***** DATASET SECTION *****

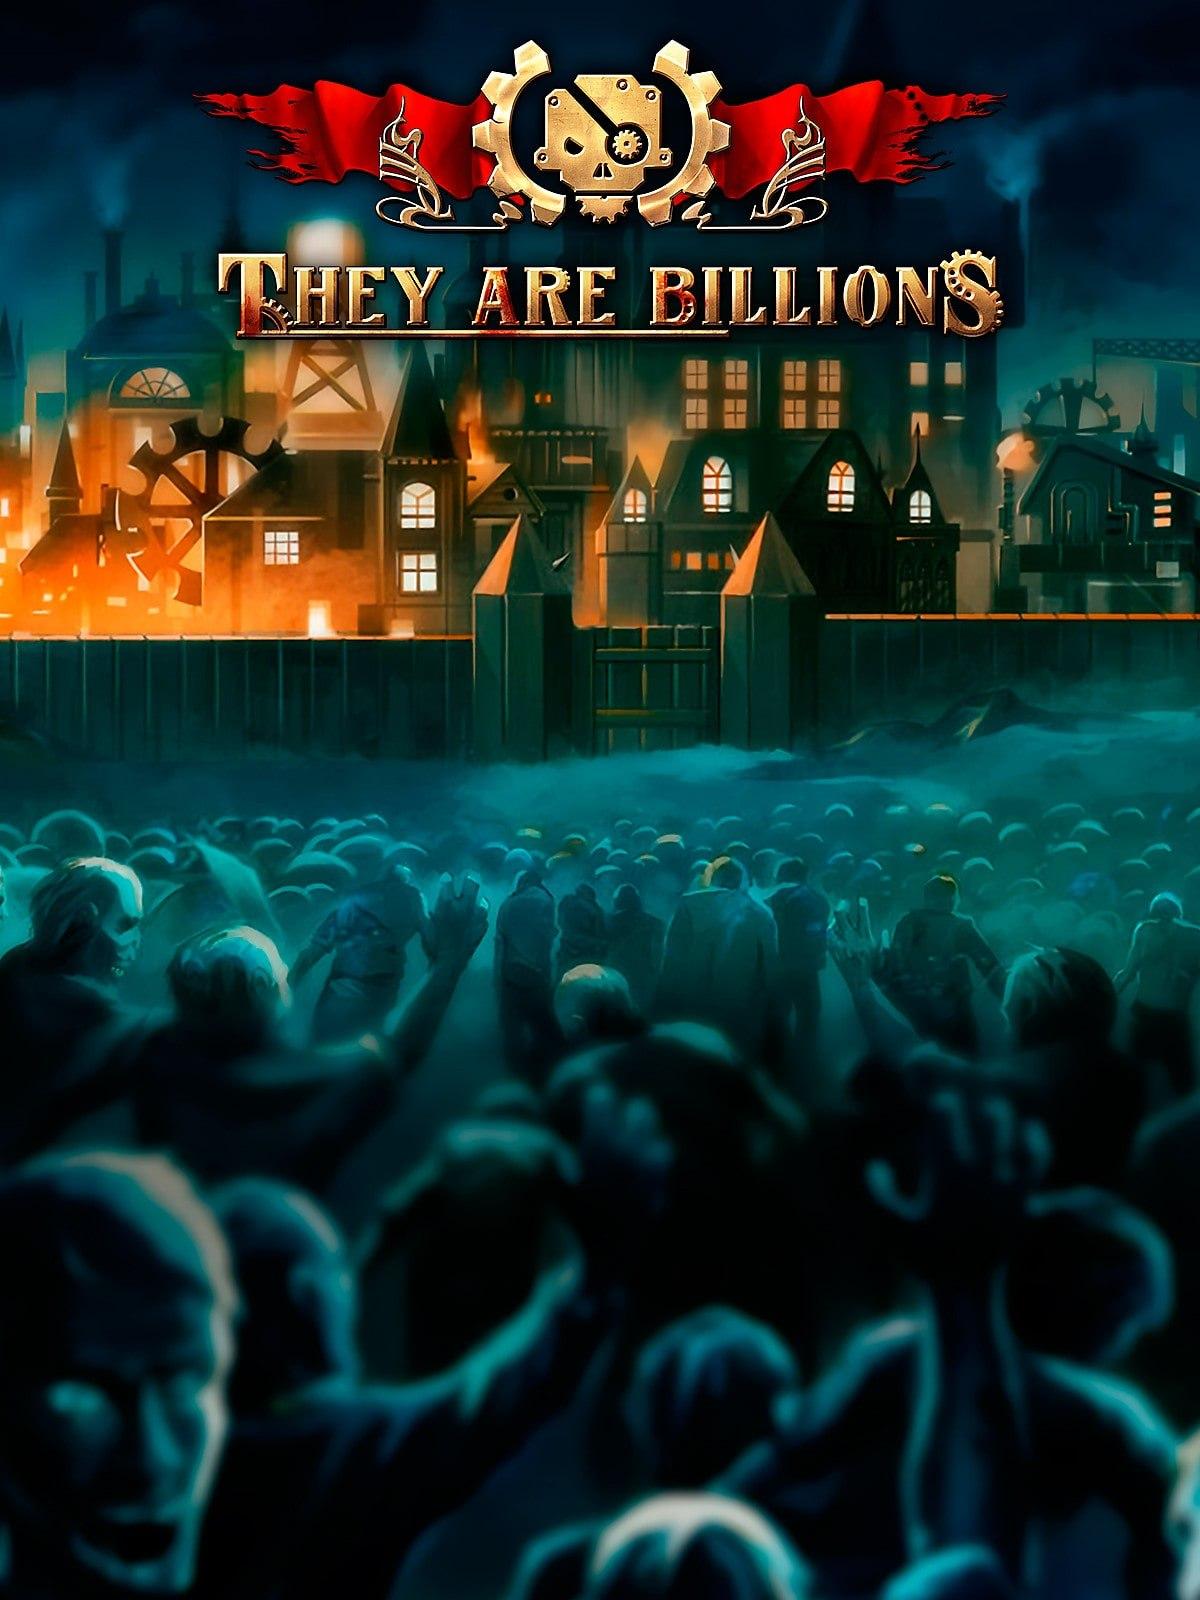 سی دی کی اریجینال استیم بازی They Are Billions
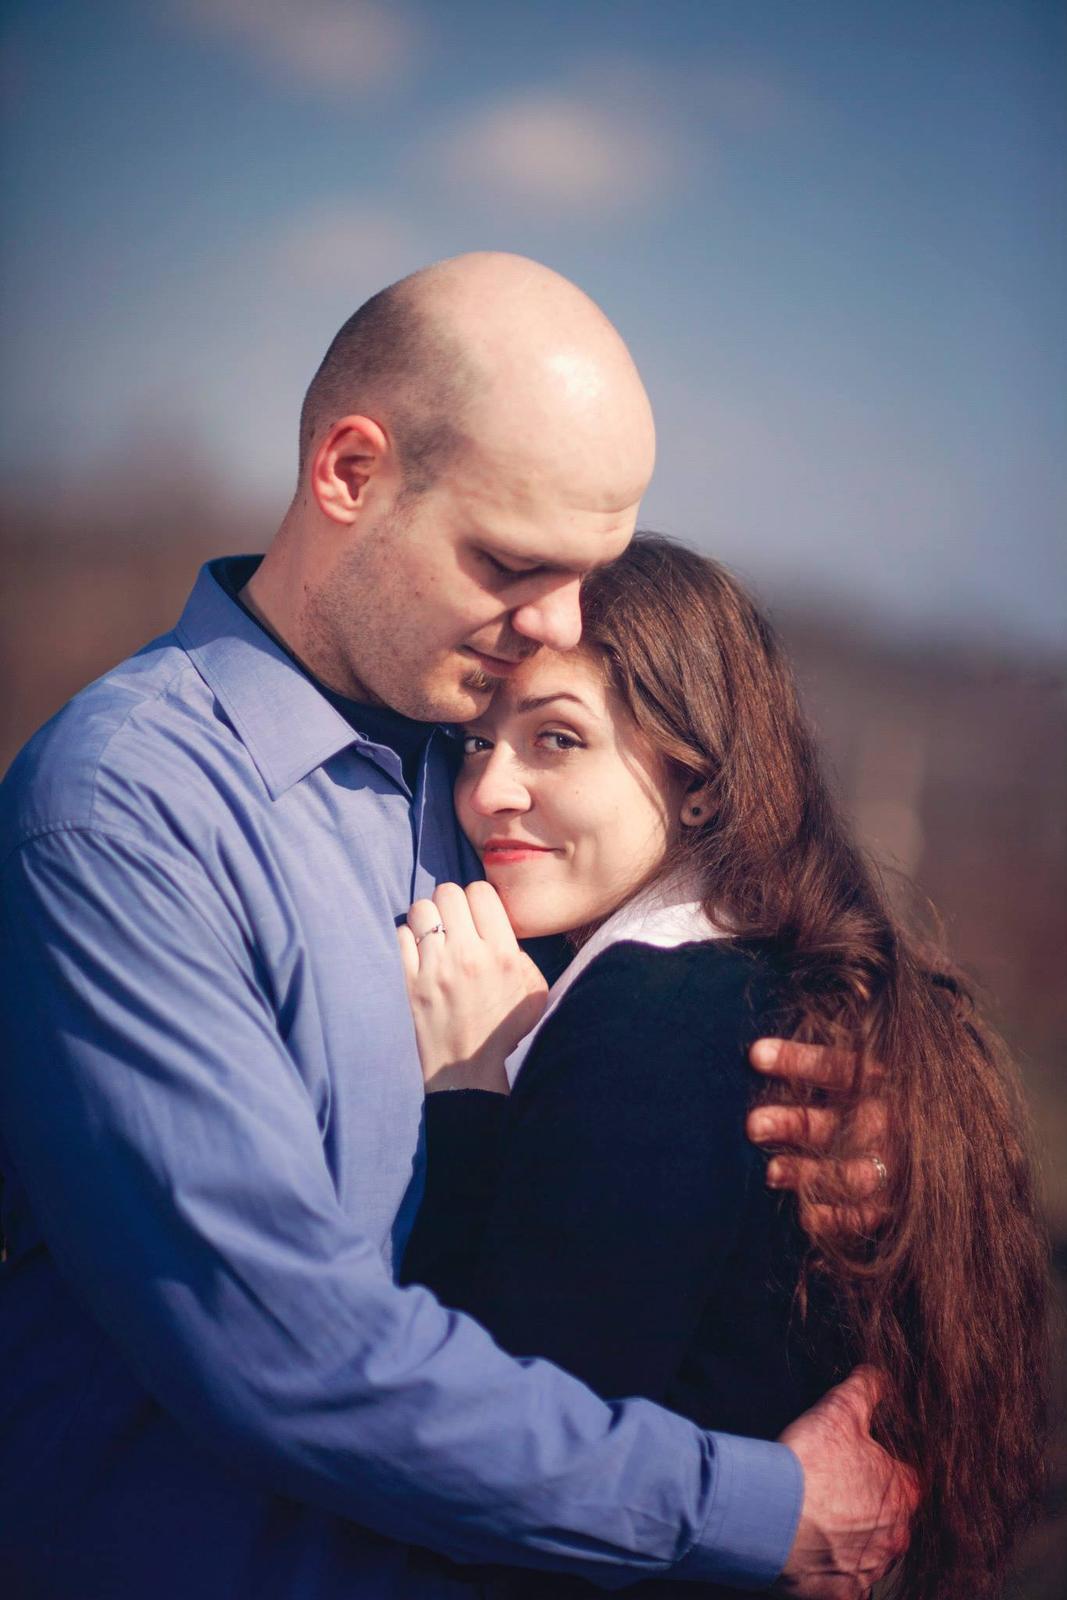 Rande fotenie - V náručí milovaného muža... Jednoducho šťastná...
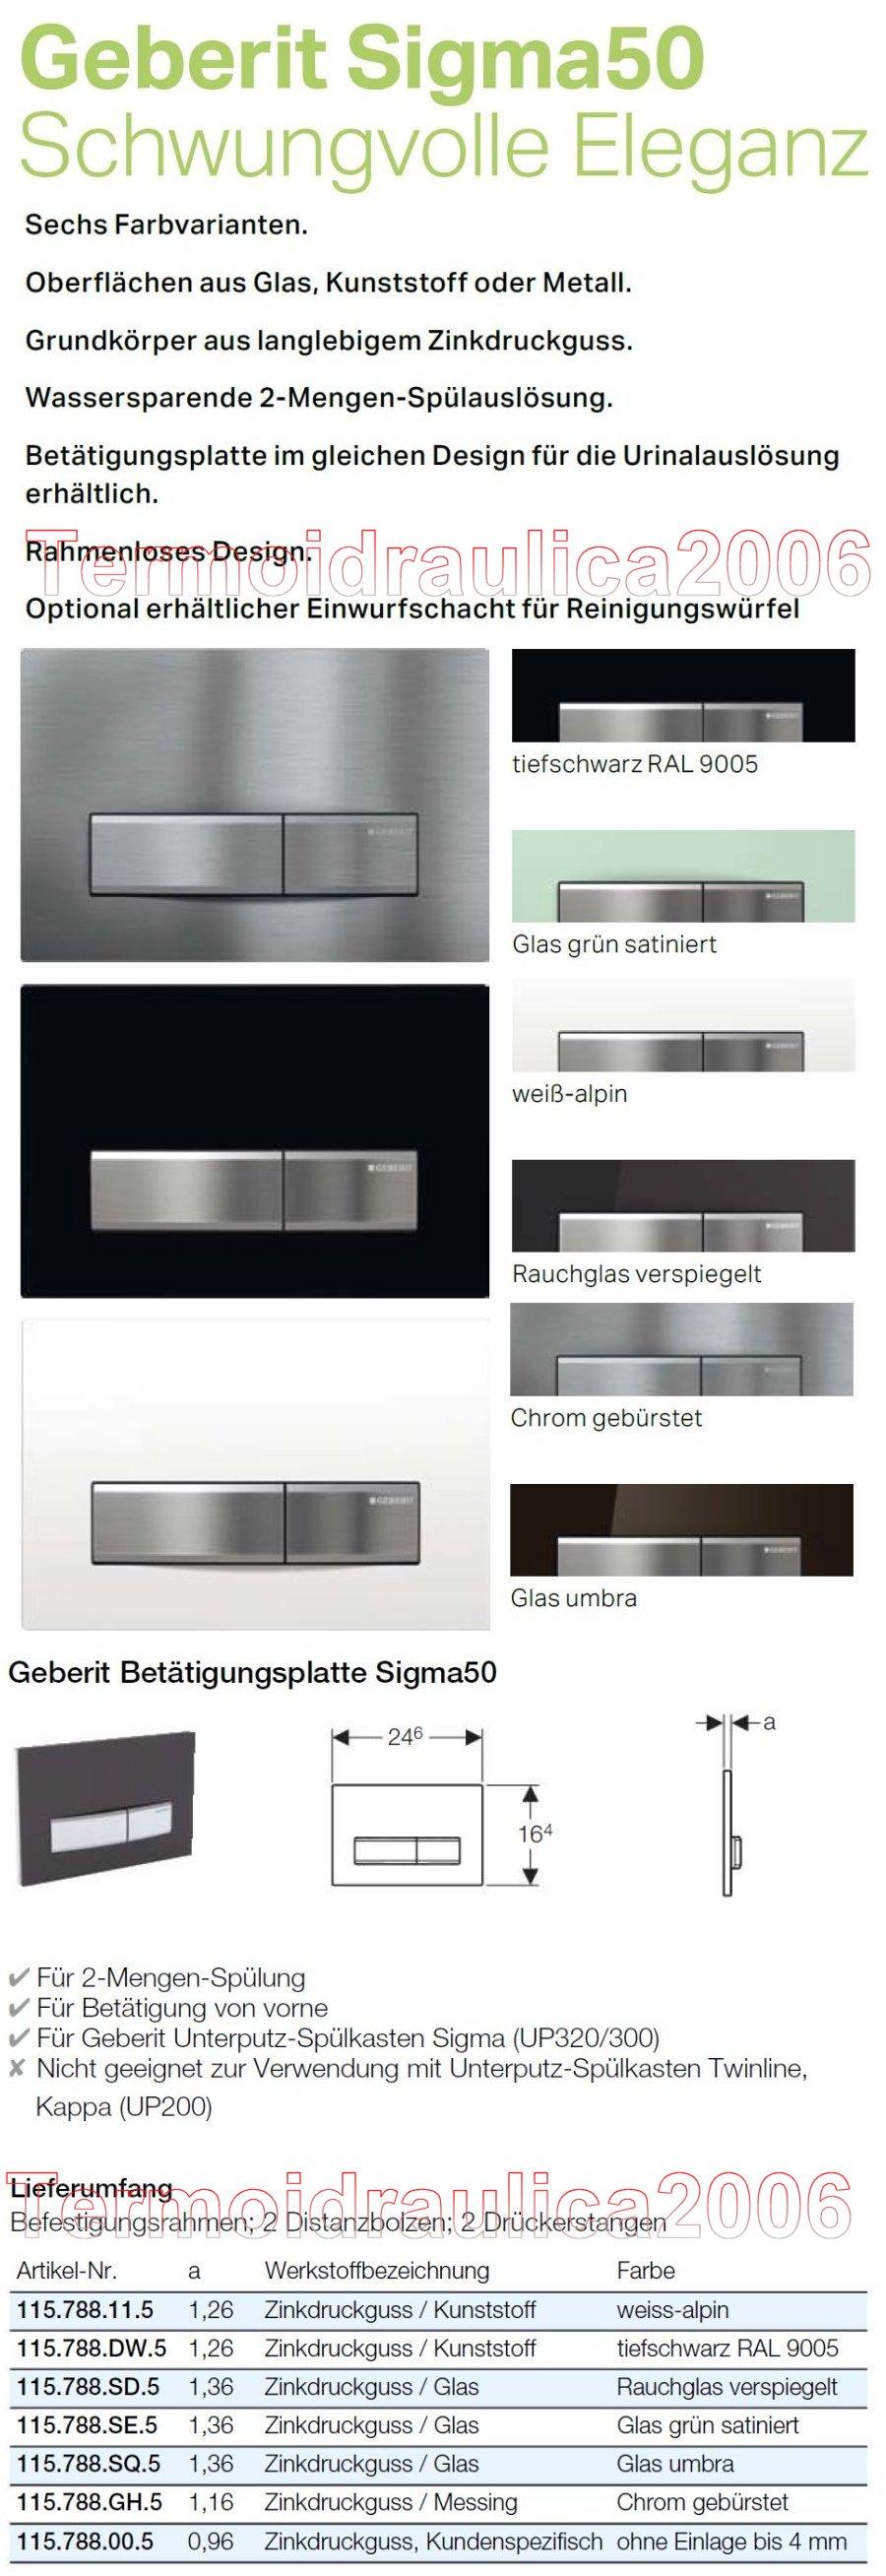 geberit sigma50 bet tigungsplatte 2 mengen rauchglas verspiegelt ebay. Black Bedroom Furniture Sets. Home Design Ideas

*****

• **PROBLEM TO SOLVE**: In the copy, include no pictures; restate the listing above exactly.

• **WRITTEN SOLUTION**:
 سی دی کی اریجینال استیم بازی They Are Billions
 Rande fotenie - V náručí milovaného muža... Jednoducho šťastná...
 geberit sigma50 bet tigungsplatte 2 mengen rauchglas verspiegelt ebay. Black Bedroom Furniture Sets. Home Design Ideas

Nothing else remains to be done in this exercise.